Premium
INCIDENTAL THREAT DURING VISUOSPATIAL WORKING MEMORY IN ADOLESCENT ANXIETY: AN EMOTIONAL MEMORY‐GUIDED SACCADE TASK
Author(s) -
Mueller Sven C.,
Shechner Tomer,
Rosen Dana,
Nelson Eric E.,
Pine Daniel S.,
Ernst Monique
Publication year - 2015
Publication title -
depression and anxiety
Language(s) - English
Resource type - Journals
SCImago Journal Rank - 2.634
H-Index - 129
eISSN - 1520-6394
pISSN - 1091-4269
DOI - 10.1002/da.22350
Subject(s) - saccade , anxiety , psychology , working memory , cognition , eye movement , attentional bias , developmental psychology , audiology , cognitive psychology , neuroscience , psychiatry , medicine
Background Pediatric anxiety disorders are among the most common psychiatric mental illnesses in children and adolescents, and are associated with abnormal cognitive control in emotional, particularly threat, contexts.
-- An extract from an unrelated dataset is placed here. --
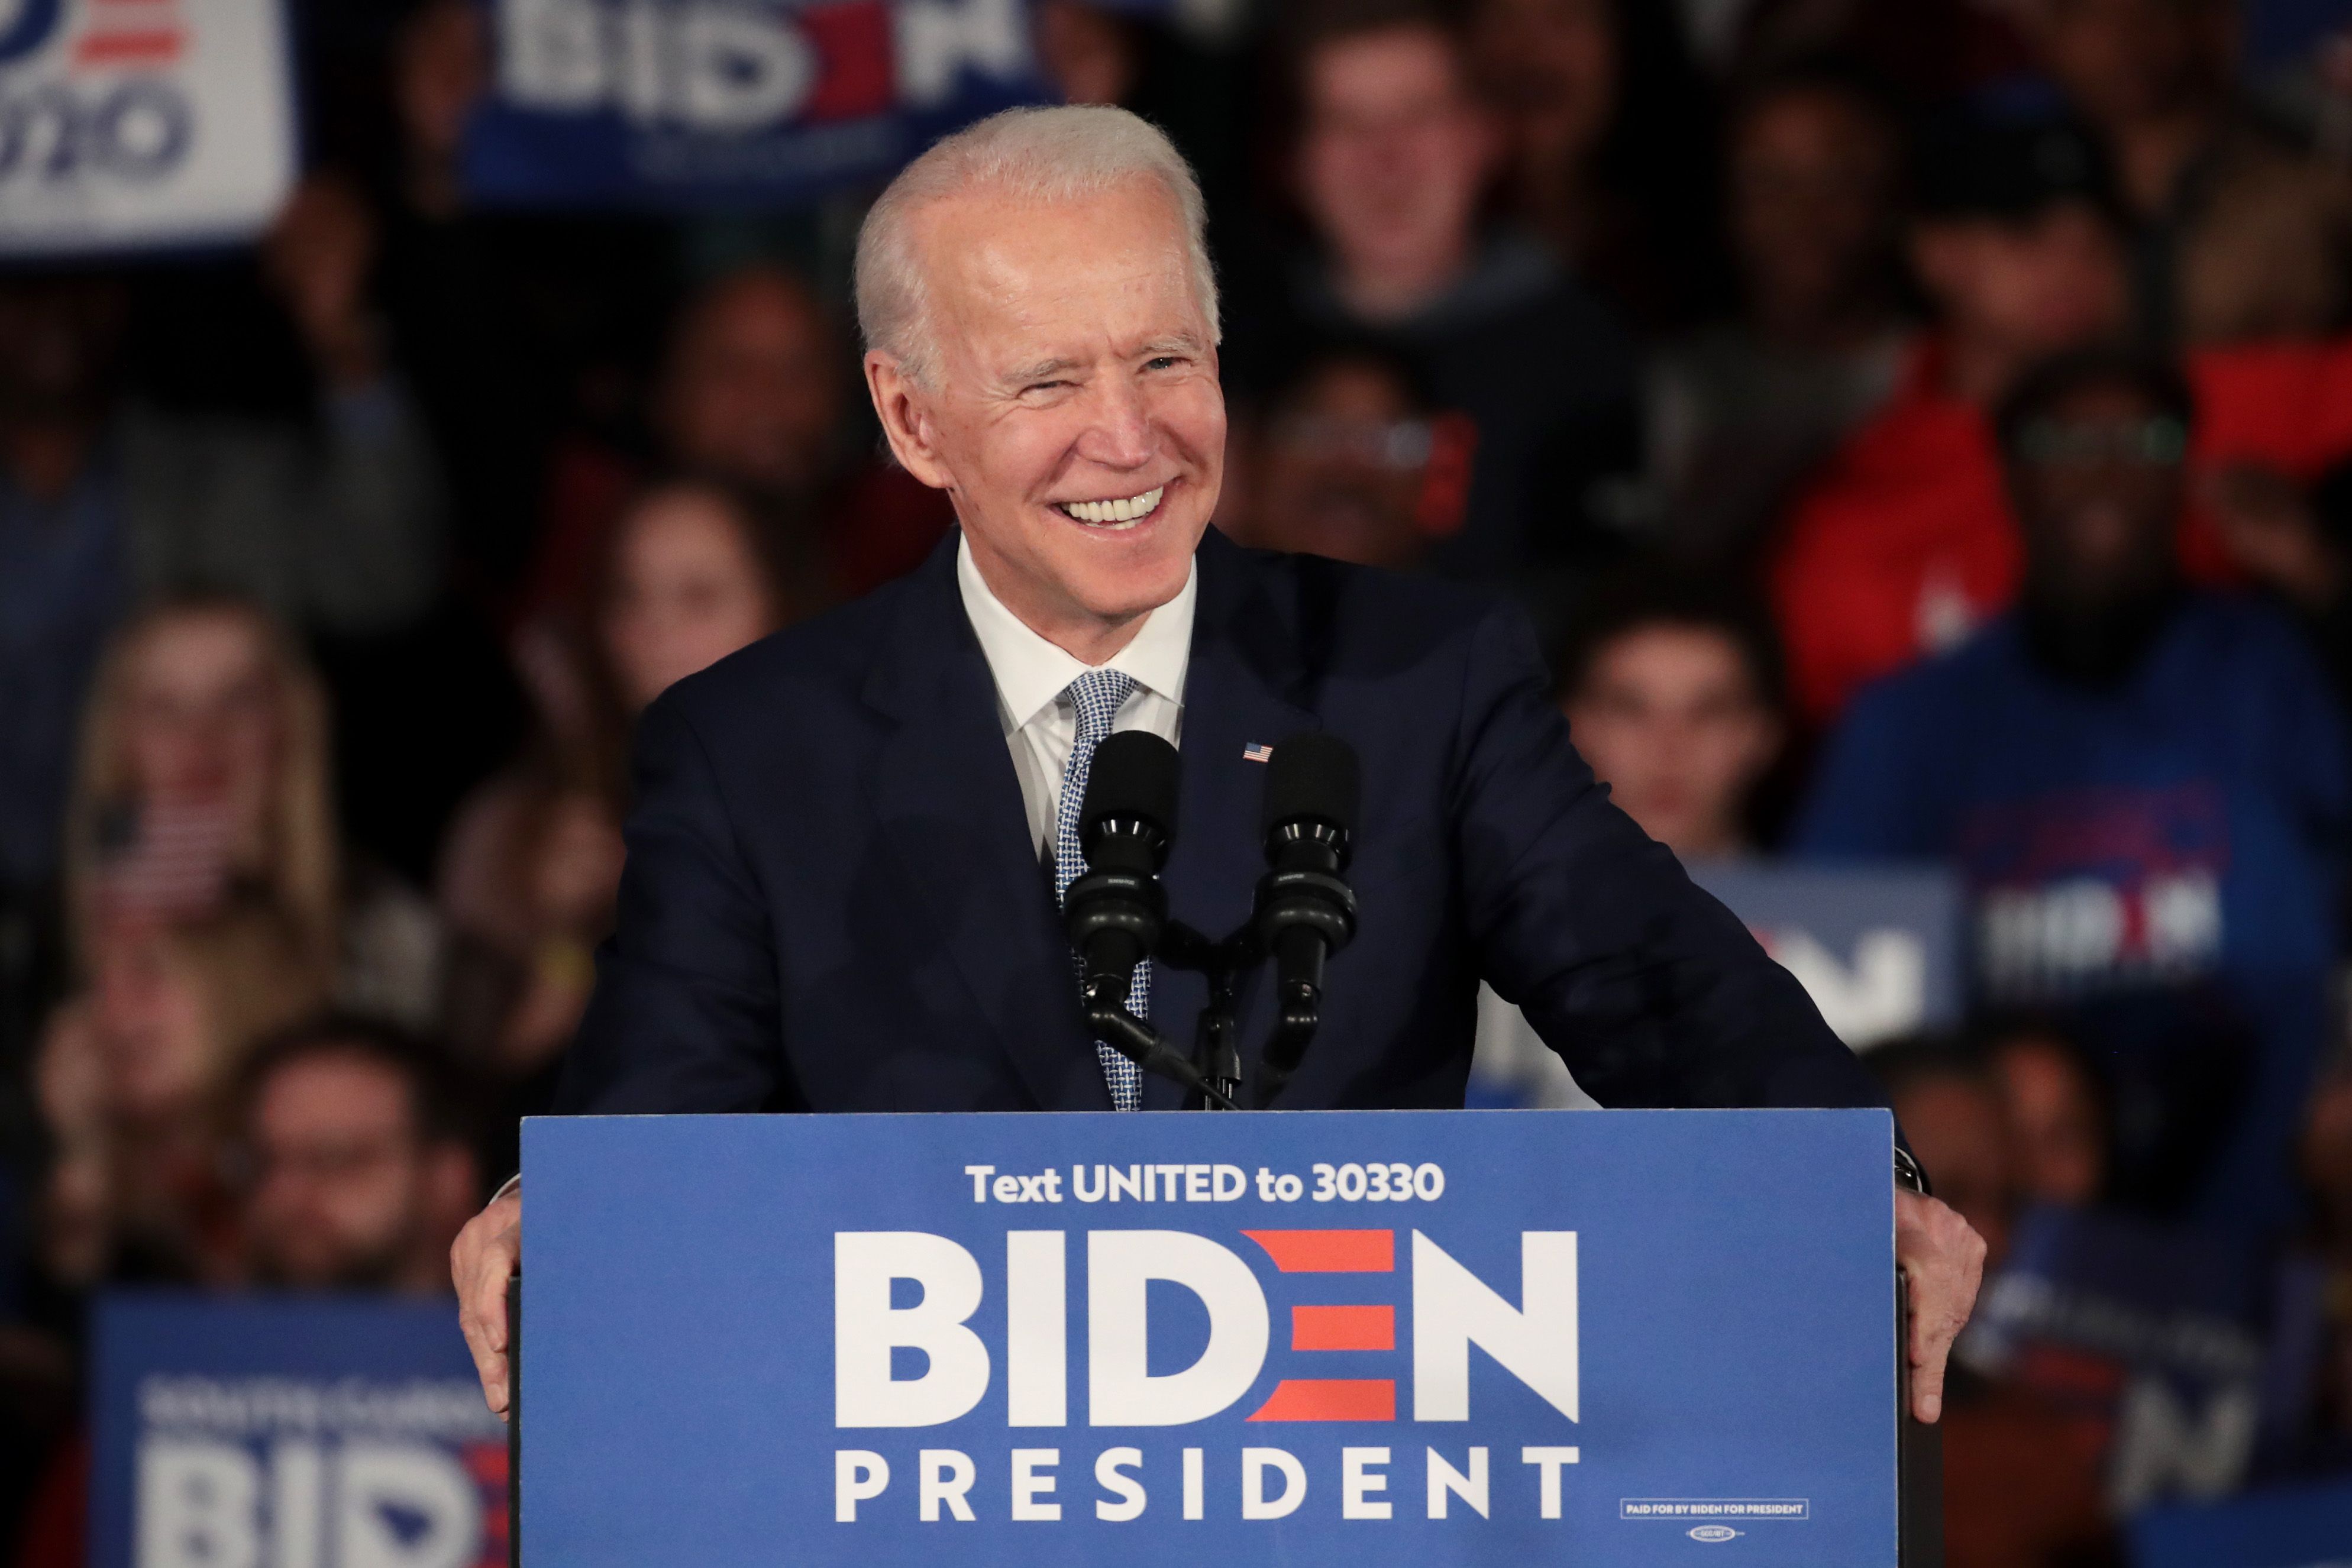 Biden Net 2021 - How Did Biden Earn His Money?

In a series of studies using eye movement saccade tasks, we reported anxiety‐related alterations in the interplay of inhibitory control with incentives, or with emotional distractors. The present study extends these findings to working memory (WM), and queries the interaction of spatial WM with emotional stimuli in pediatric clinical anxiety. Methods Participants were 33 children/adolescents diagnosed with an anxiety disorder, and 22 age‐matched healthy comparison youths. Participants completed a novel eye movement task, an affective variant of the memory‐guided saccade task. This task assessed the influence of incidental threat on spatial WM processes during high and low cognitive load. Results Healthy but not anxious children/adolescents showed slowed saccade latencies during incidental threat in low‐load but not high‐load WM conditions. No other group effects emerged on saccade latency or accuracy. Conclusions The current data suggest a differential pattern of how emotion interacts with cognitive control in healthy youth relative to anxious youth. These findings extend data from inhibitory processes, reported previously, to spatial WM in pediatric anxiety.